:: Instructions to follow ::
When you restate the data, keep every word as it is and drop the images.

:: Data block ::
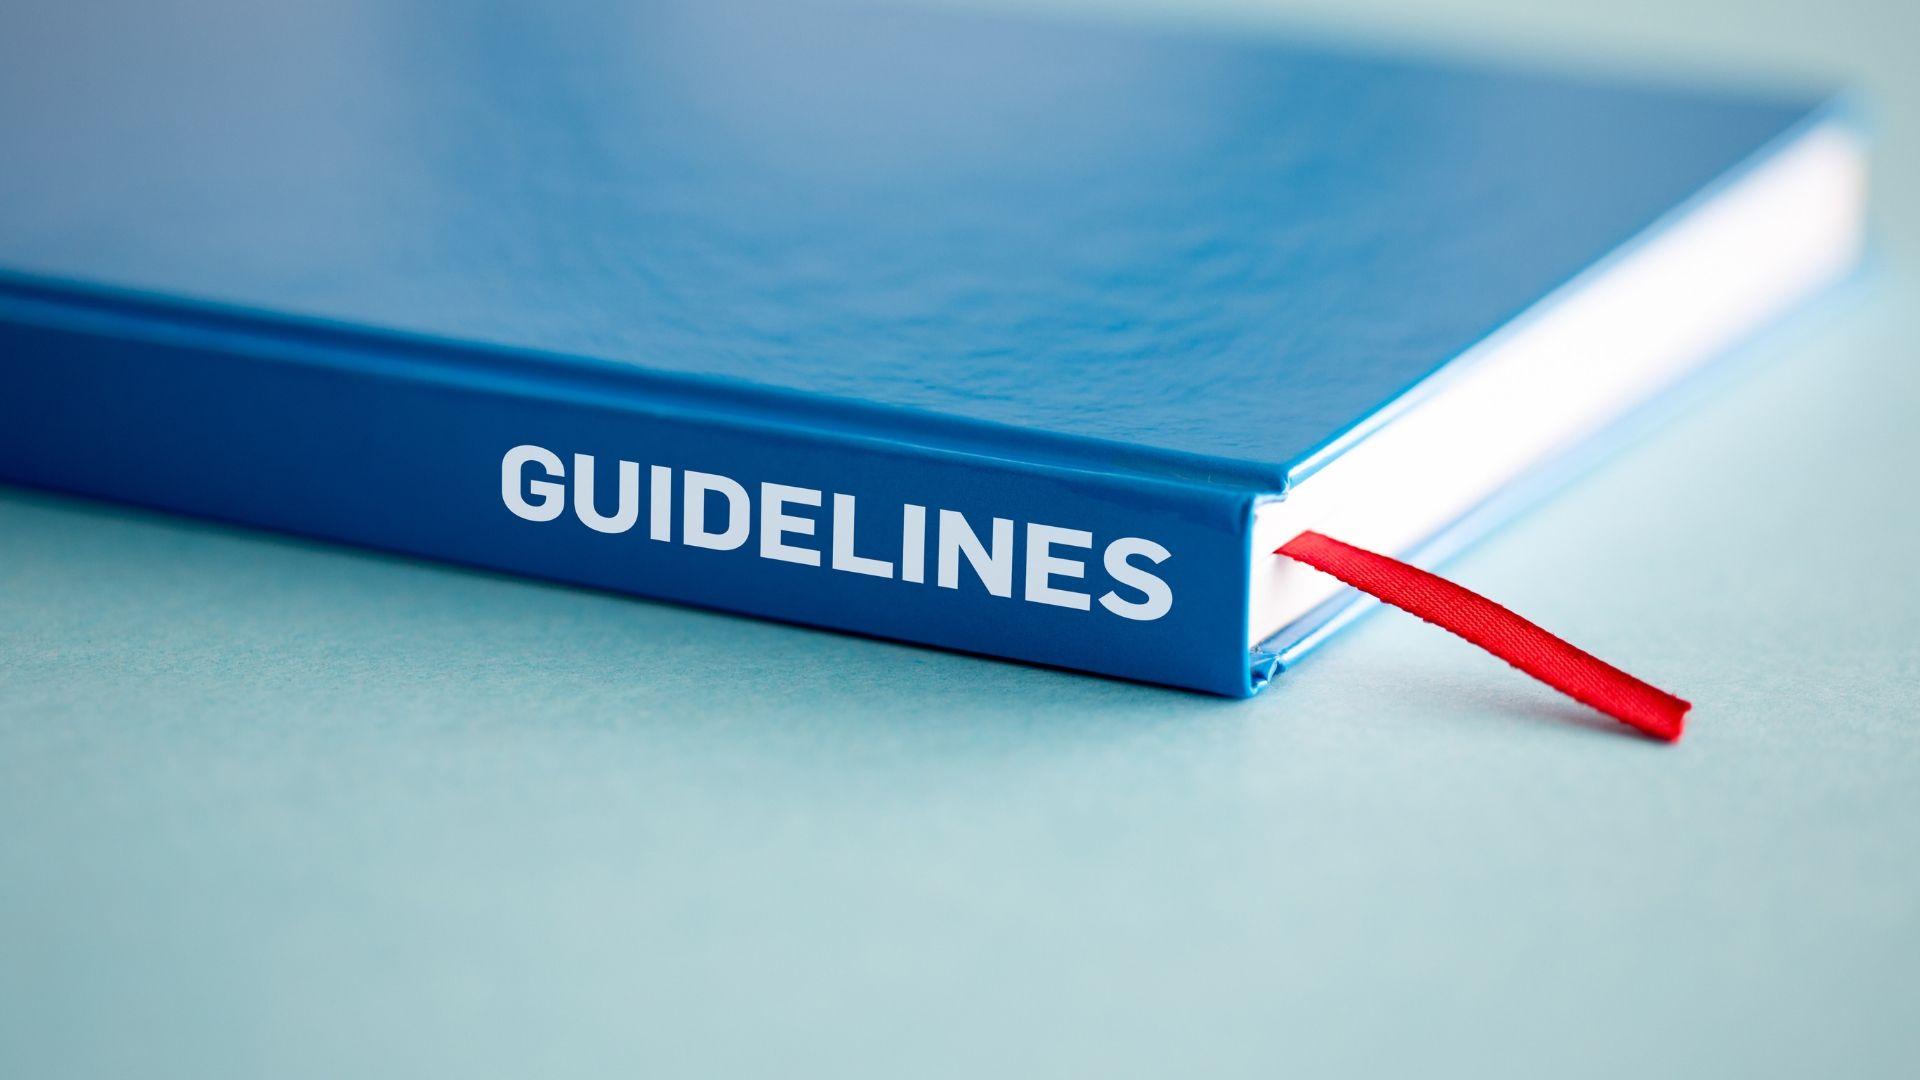 bioplastic guidelines
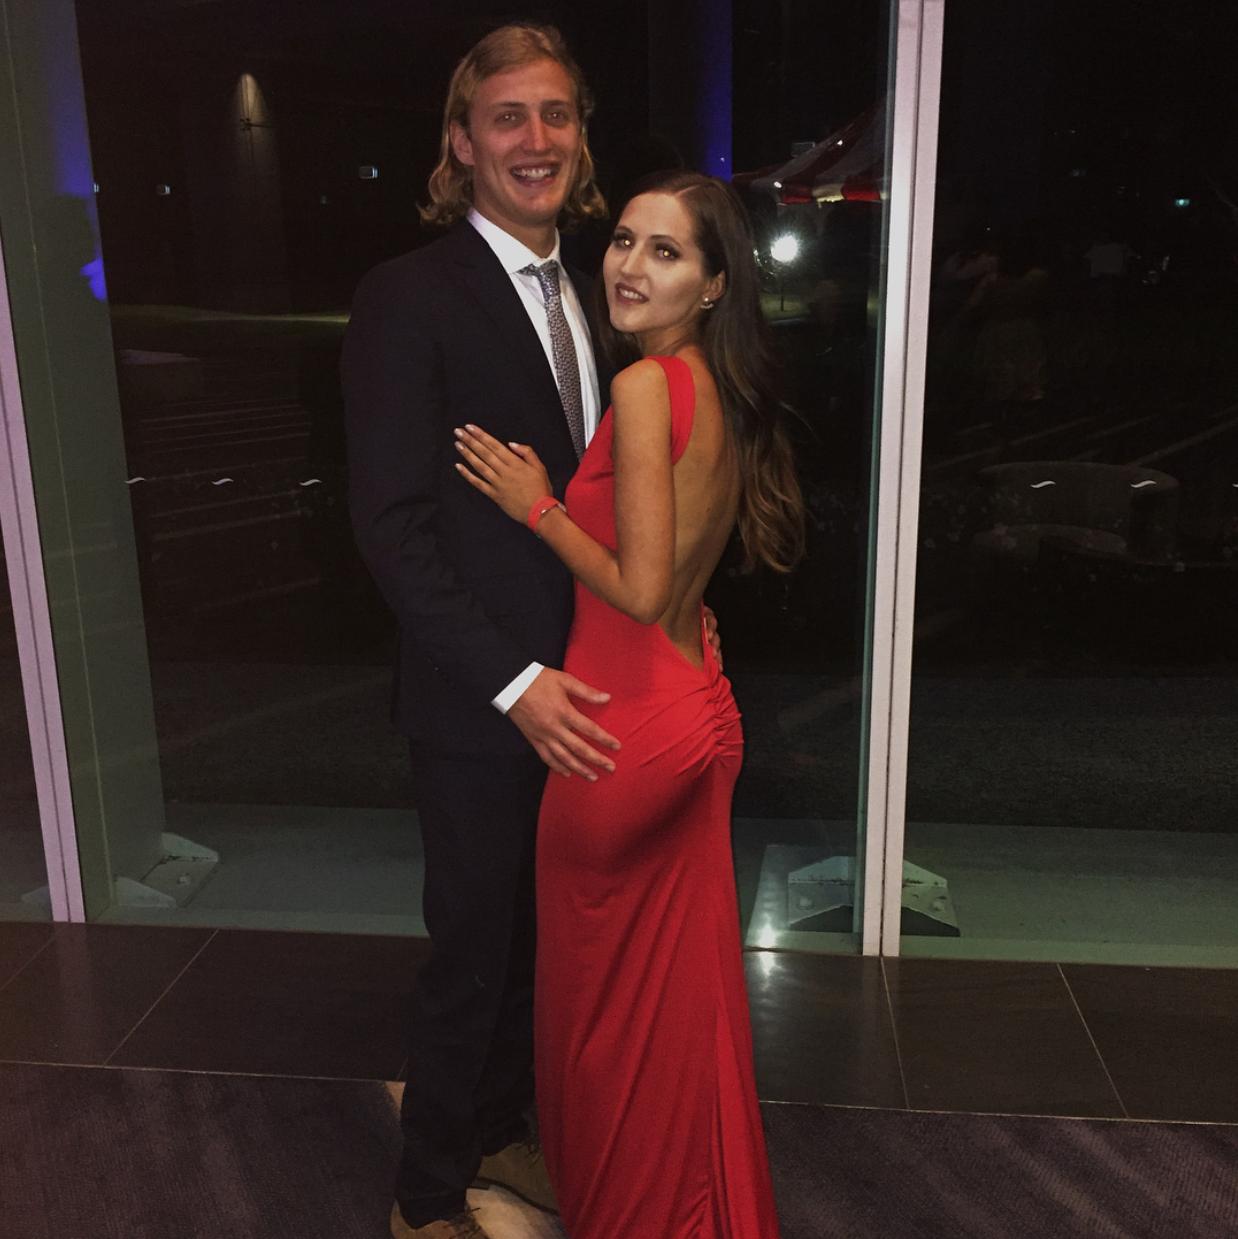 Alexandra - Beautiful at the Ball
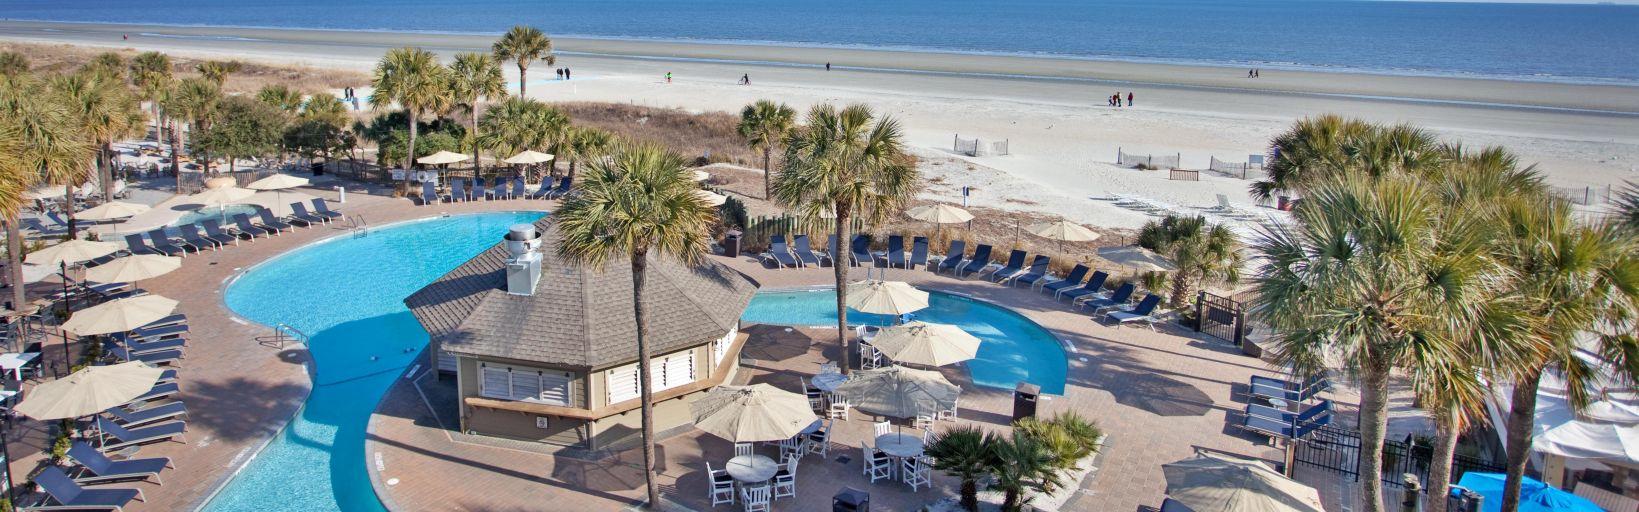 hilton head resorts - holiday inn resort beach house hotel

:: Solution to this exercise ::
 bioplastic guidelines
 Alexandra - Beautiful at the Ball
 hilton head resorts - holiday inn resort beach house hotel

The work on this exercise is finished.